You have EIGHT '38 - '39 Packard Twelves that do NOT have pressurized cooling systems ? That is interesting.

Seriously, in fairness to Dave, for some reason Packard's technical writers were bashful about the new pressurized radiator filler cap and neck system for 1938; for some reason they did not SPECIFICALLY use the term "pressurized cooling system" in their literature when referring to this change.

Hopefully, Dave wont mind being teased - should I suggest that I guess the radiator upper "filler-neck" in my own '38 Packard Twelve was custom-built just for me to beat up on Dave with, (as was the many dozens I have worked on down thru the years? ).

My own raditor, and all the '38 Twelves and Super Eights I've seen, differ from 1937 and earleir "Senior" Packard production, in that they have the bottom "seal plate" for the spring-loaded pressure cap to "bottom" on, clearly was designed for a pressure radiator cap.

What appeared to be original pressure cap on it when I got it in late '54 started to leak pressure as its sealing rubber went bad - replaced it several times over the years.

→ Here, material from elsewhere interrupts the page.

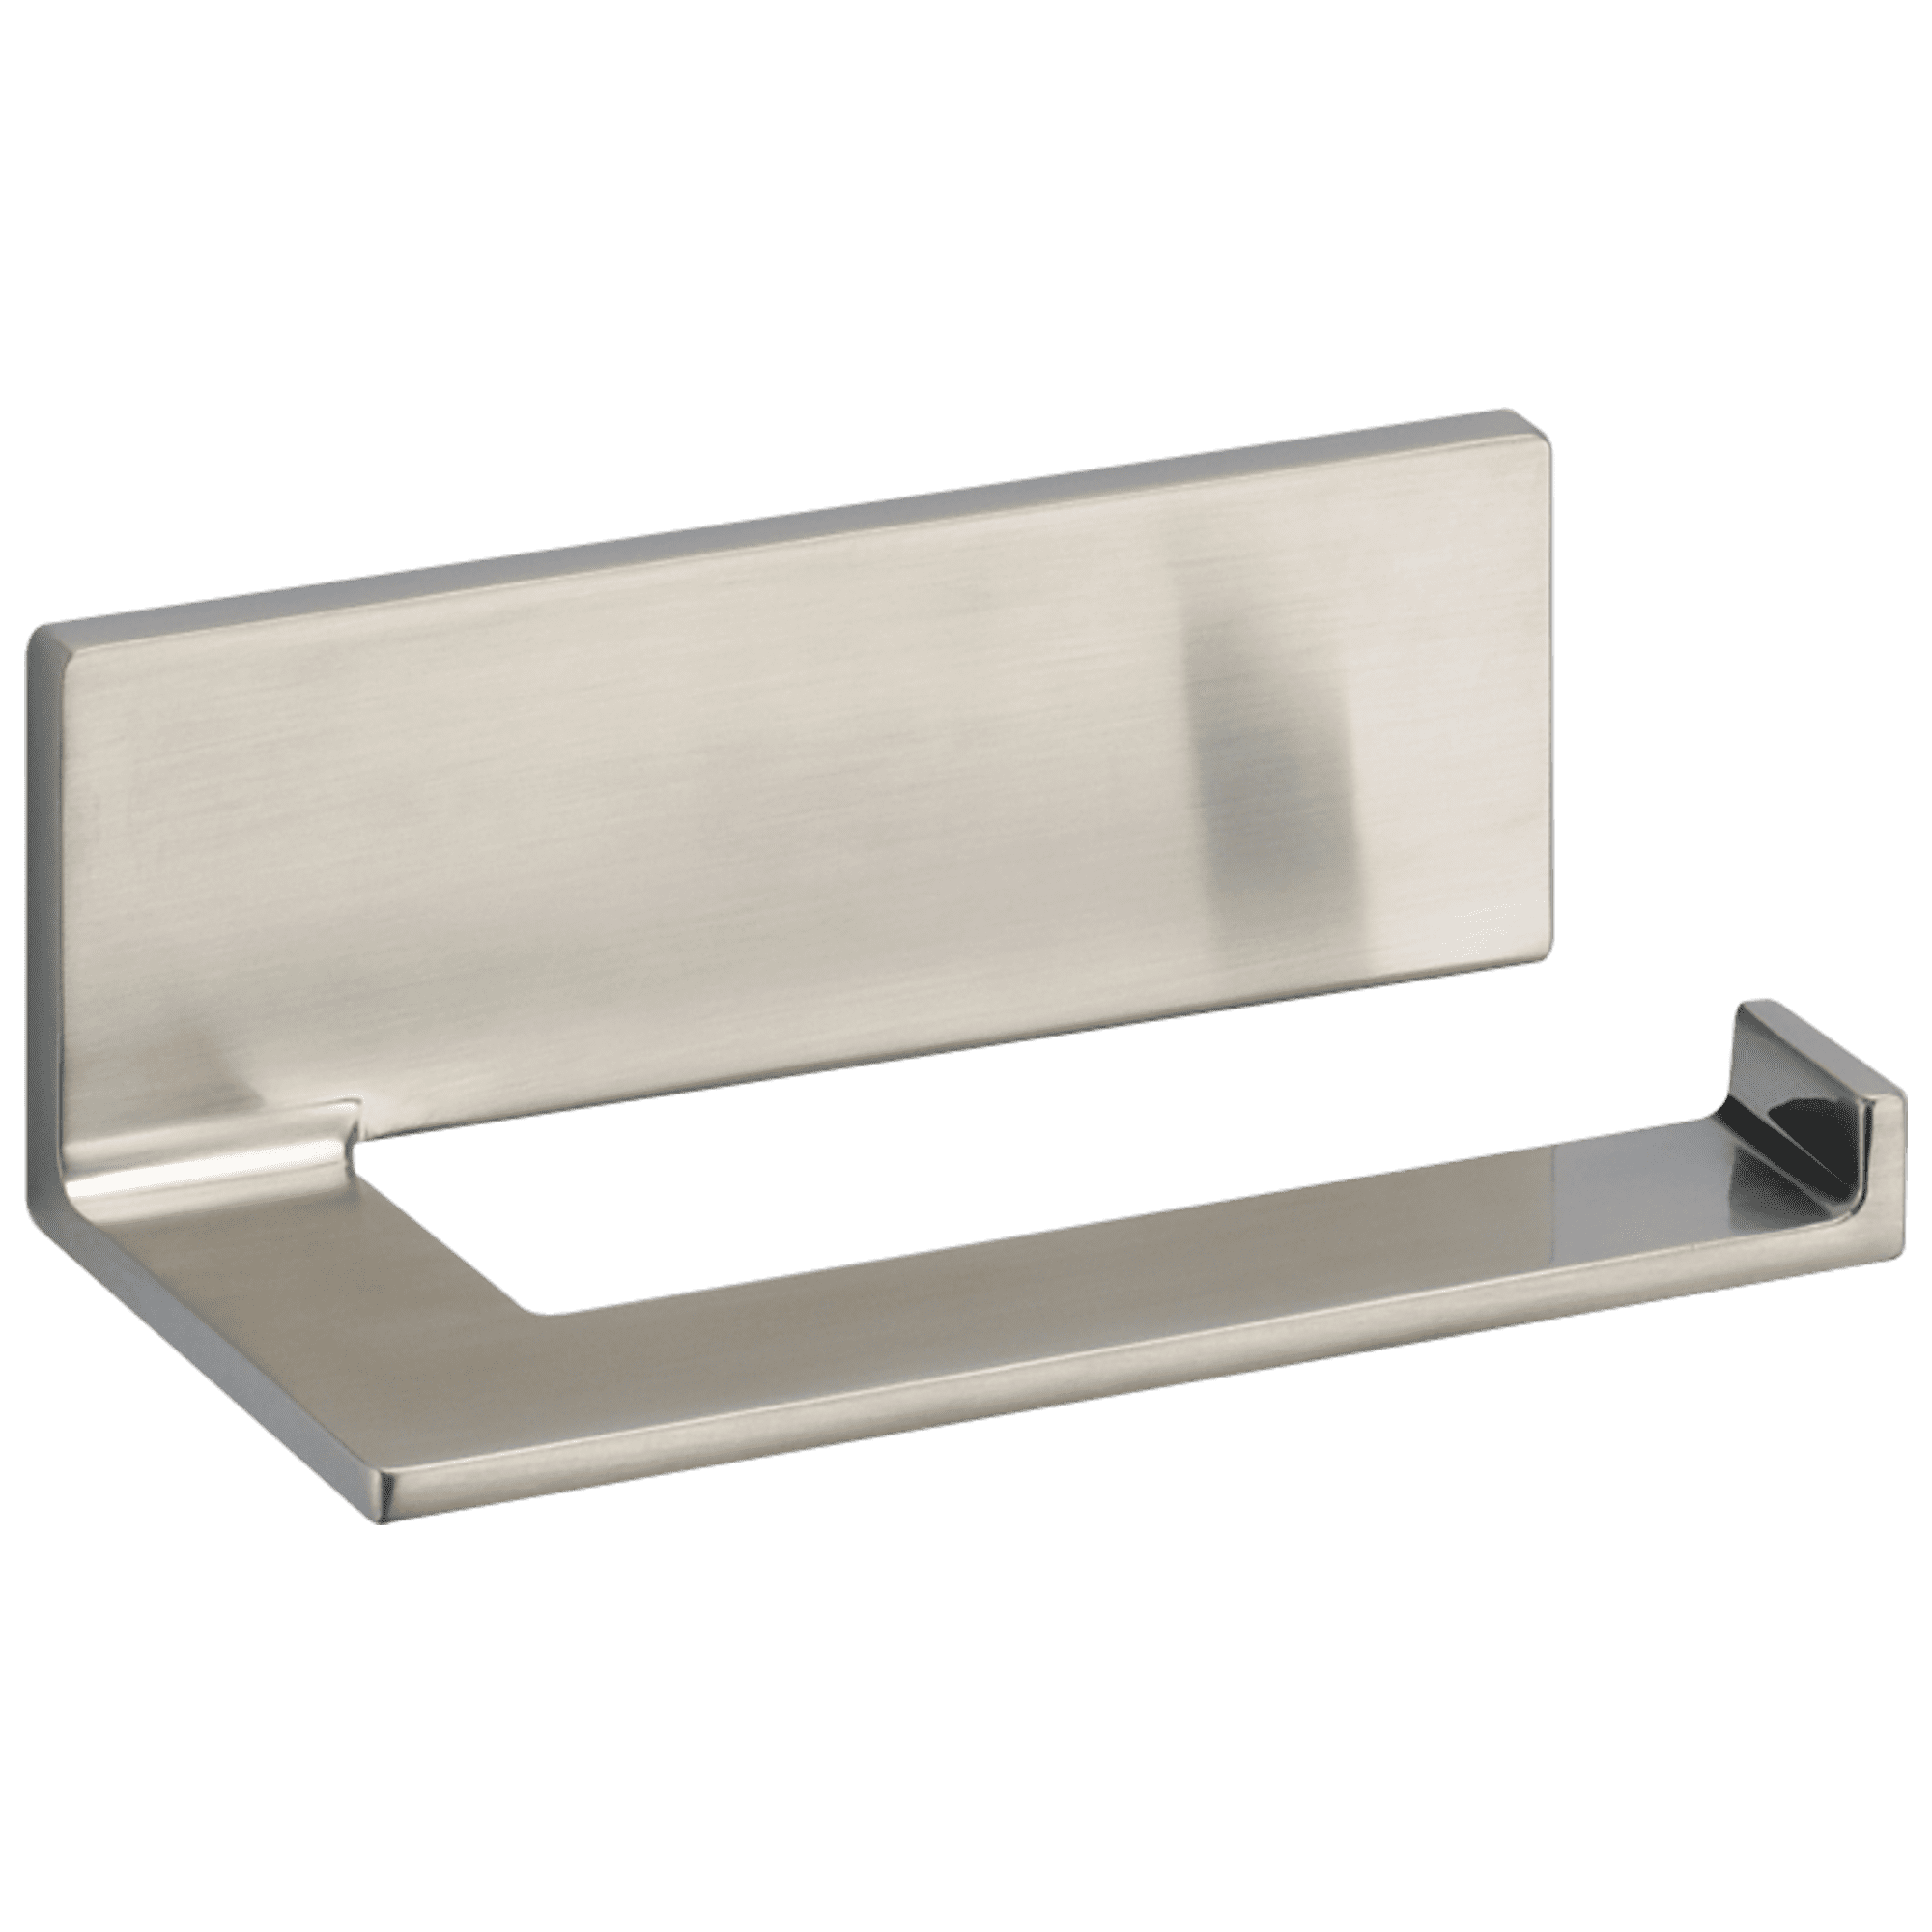 Delta 79750-ss Brilliance Stainless Cassidy Single Bar Tissue Holder for sale online 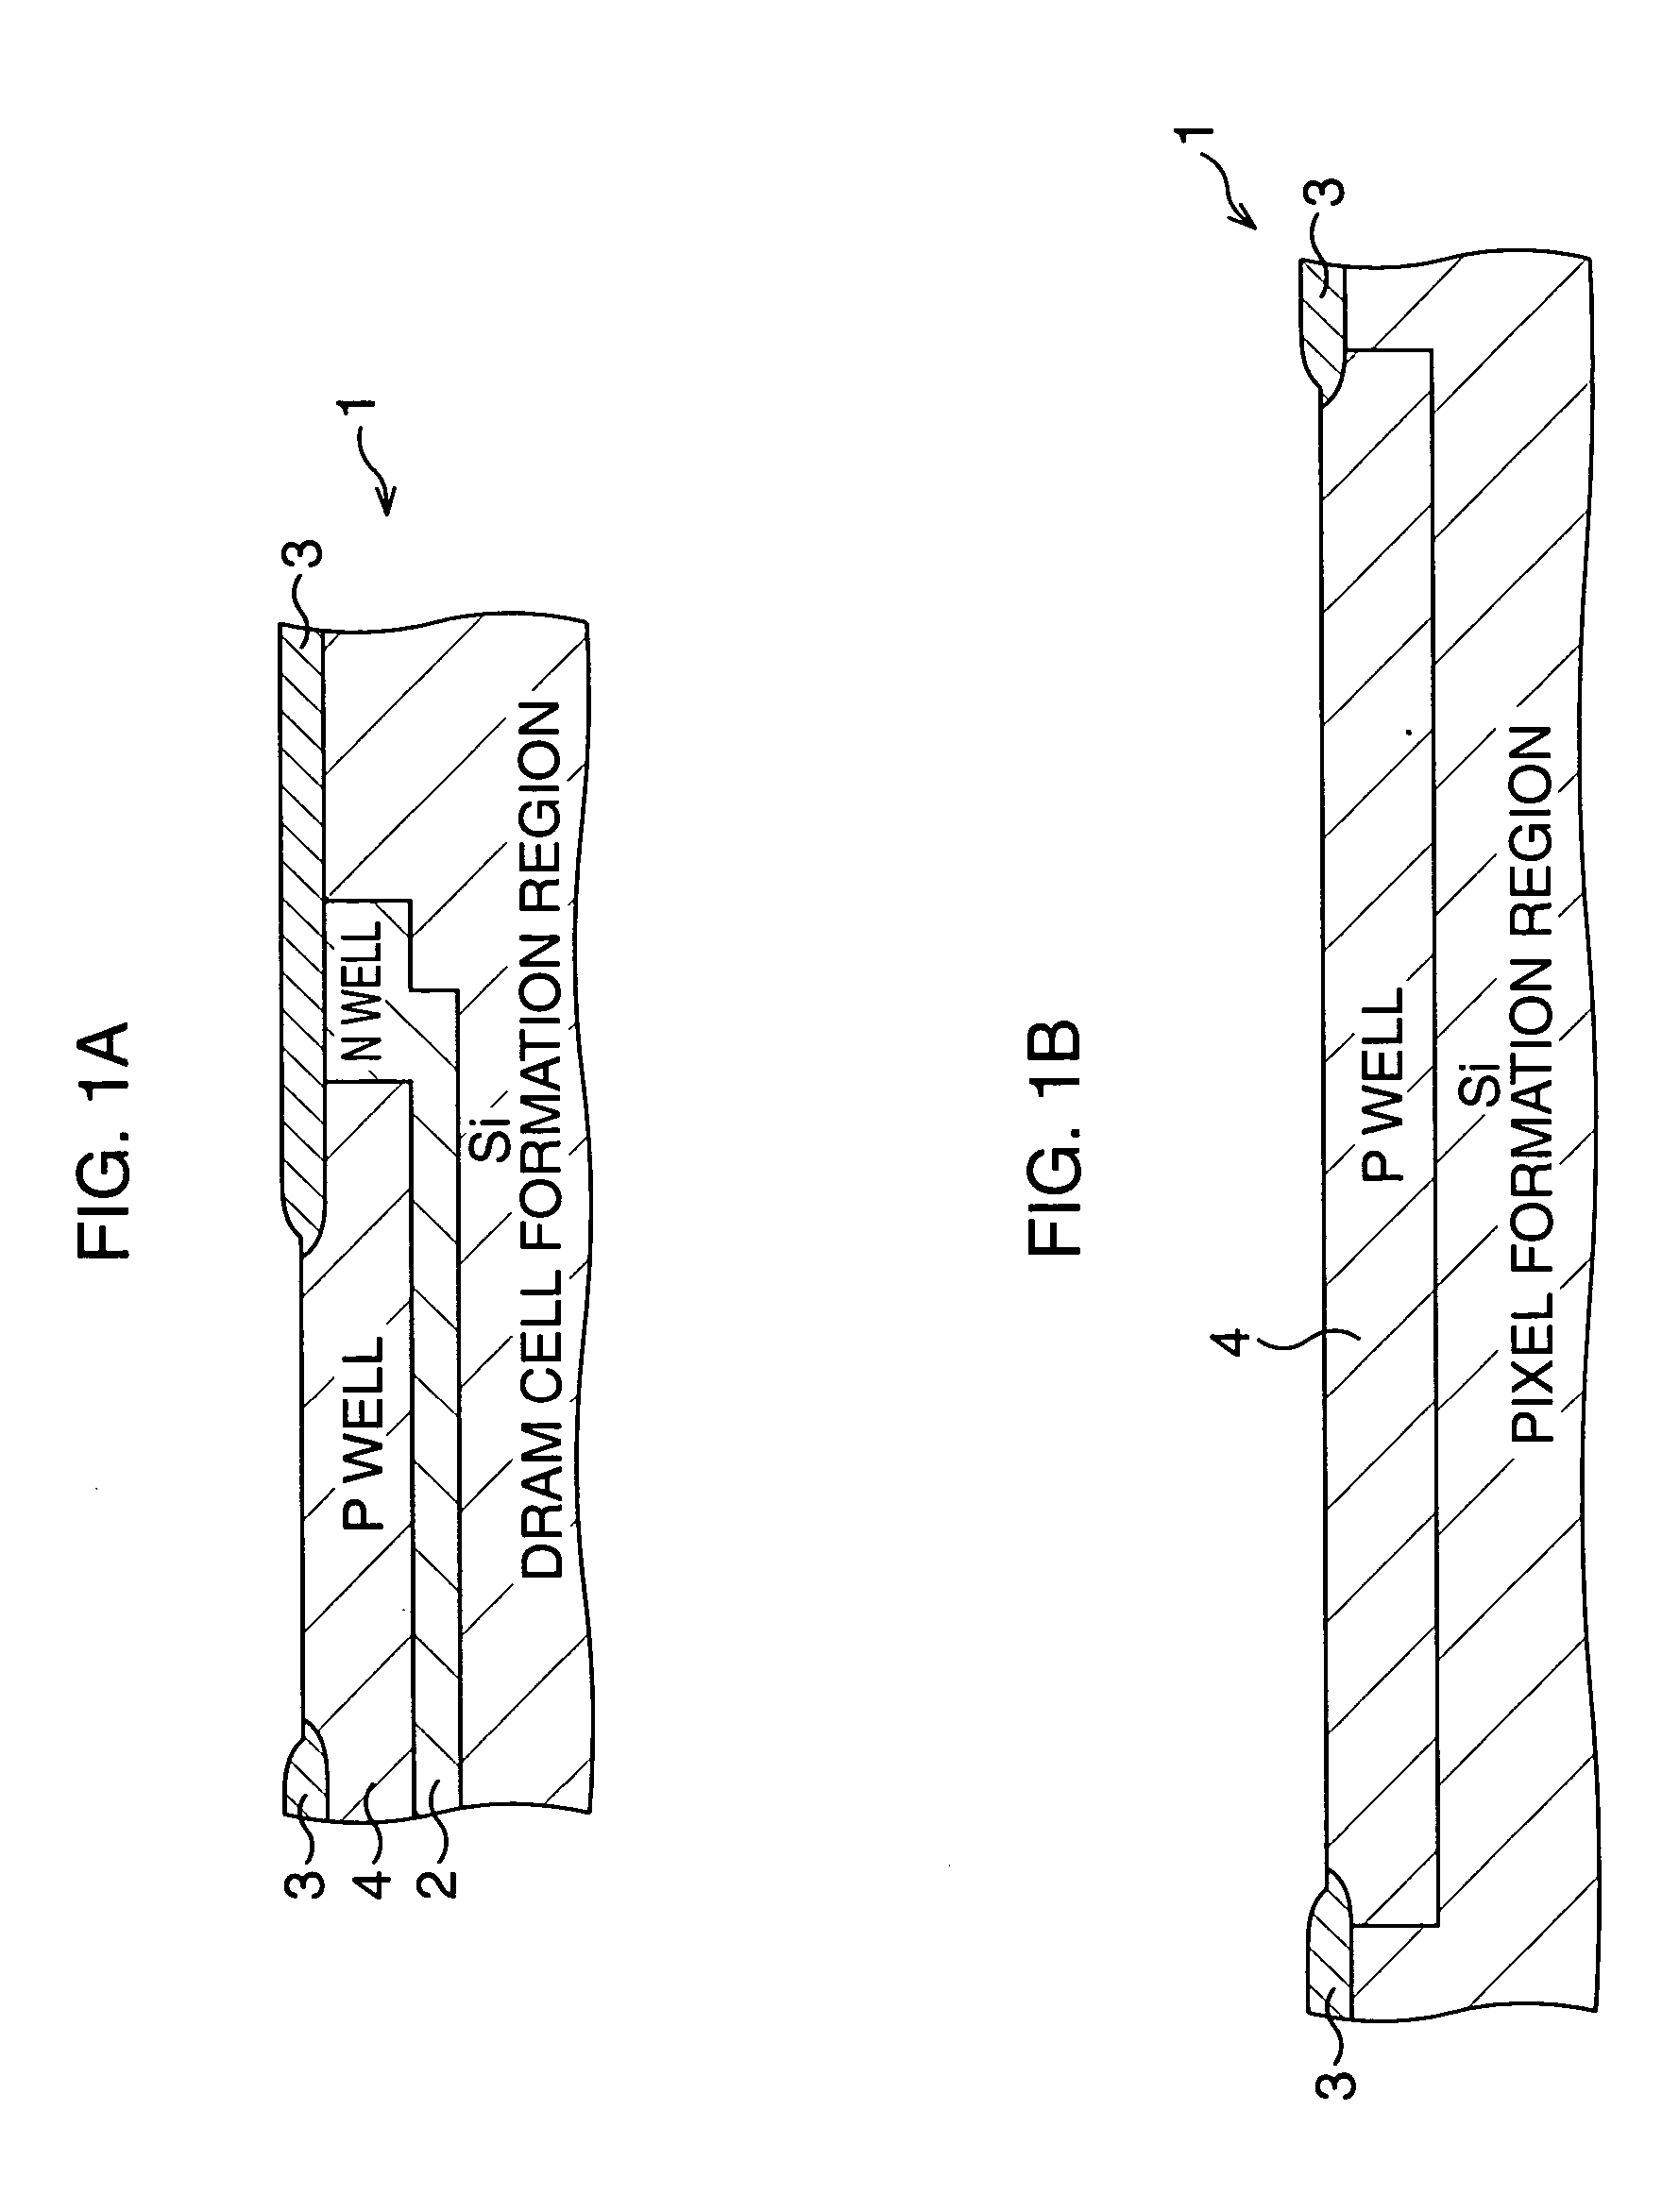 Semiconductor device, manufacturing process thereof and imaging device

Can I tease Dave about that special "custom-built just for my own Packard Twelve and the many dozens I have worked on", publication by Packard, its "tech. specs" known as the "1938 DATA BOOK FOR THE PACKARD TWELVE AND SUPER EIGHT" which refers (see Pp. 33 of the tech. specs. on the cooling system) "the air to boil temperature has been raised almost 10 degrees higher which gives cooling capacity for a much wider range of driving conditions"...

C'mon...Dave..how do you think you raise the boiling temp. of water..!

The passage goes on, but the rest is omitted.